Village sarpanch Sisir Kumar Panda told this newspaper that Bipin had spoken to him over phone on Wednesday evening and asked when would he be released from the quarantine centre.

“I had assured the brothers that they would be released on Friday. But at night, I was informed that Bipin had fallen ill. I, too, called up the ambulance helpline but those who received the calls refused to send a vehicle saying ambulances are not allowed to take people from quarantine centres. Although we have nearly three ambulances within a 10km radius, not one came. We have a recording of the conversation with the helpline people,” Panda said.
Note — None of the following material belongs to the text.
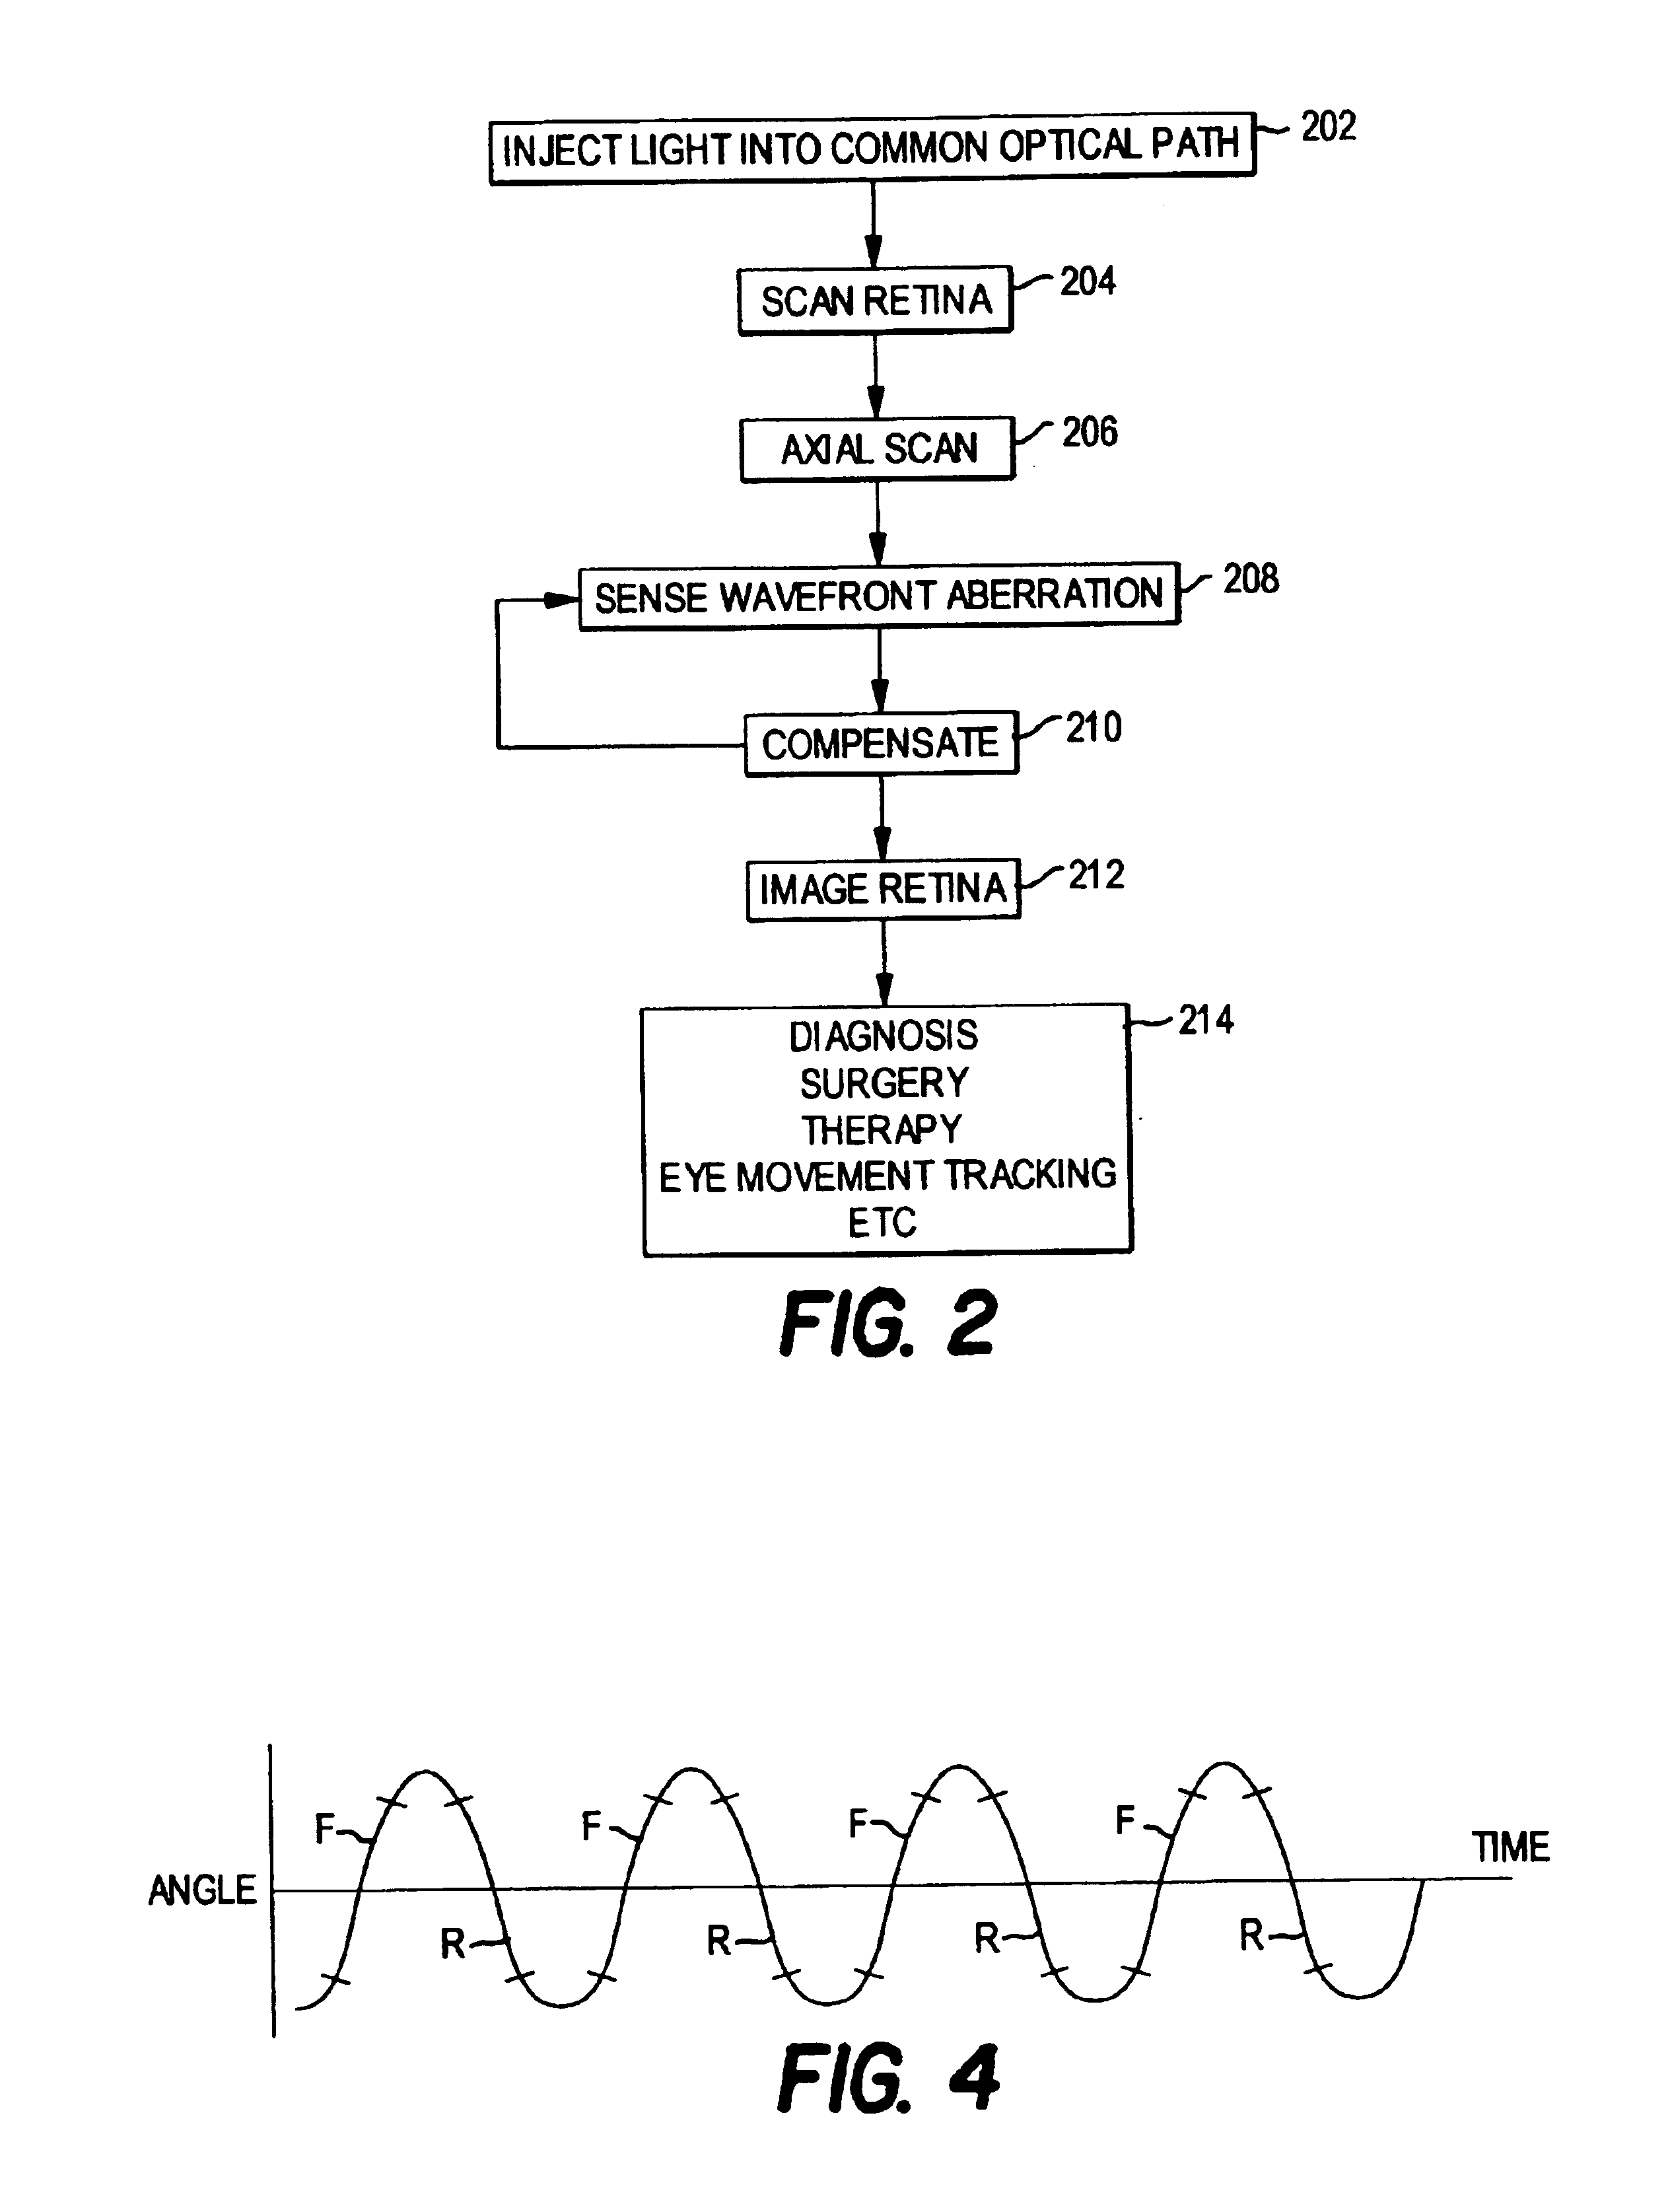 Method and apparatus for using adaptive optics in a scanning laser ophthalmoscope

Panda — sarpanches in Odisha have been given powers of collectors in their respective areas by the state government to deal with the pandemic — and other administrative officials said there was no such rule that ambulances would not attend to quarantine centres. Sources, however, said ambulance drivers were apprehensive after one of them in Kalahandi district was ostracised in his village for ferrying a patient who later tested positive for the coronavirus.

Bipin had not been tested for the coronavirus after he returned to Odisha as he had not shown any symptoms. After his death, a swab sample was collected for a Covid test and the report is awaited.

Balasore chief medical officer Banarjee Prasad Chhotray said an inquiry had been ordered. Balasore collector K.S. Chakravarthy told this correspondent: “I have started an inquiry. I have asked the local BDO to submit a report shortly.”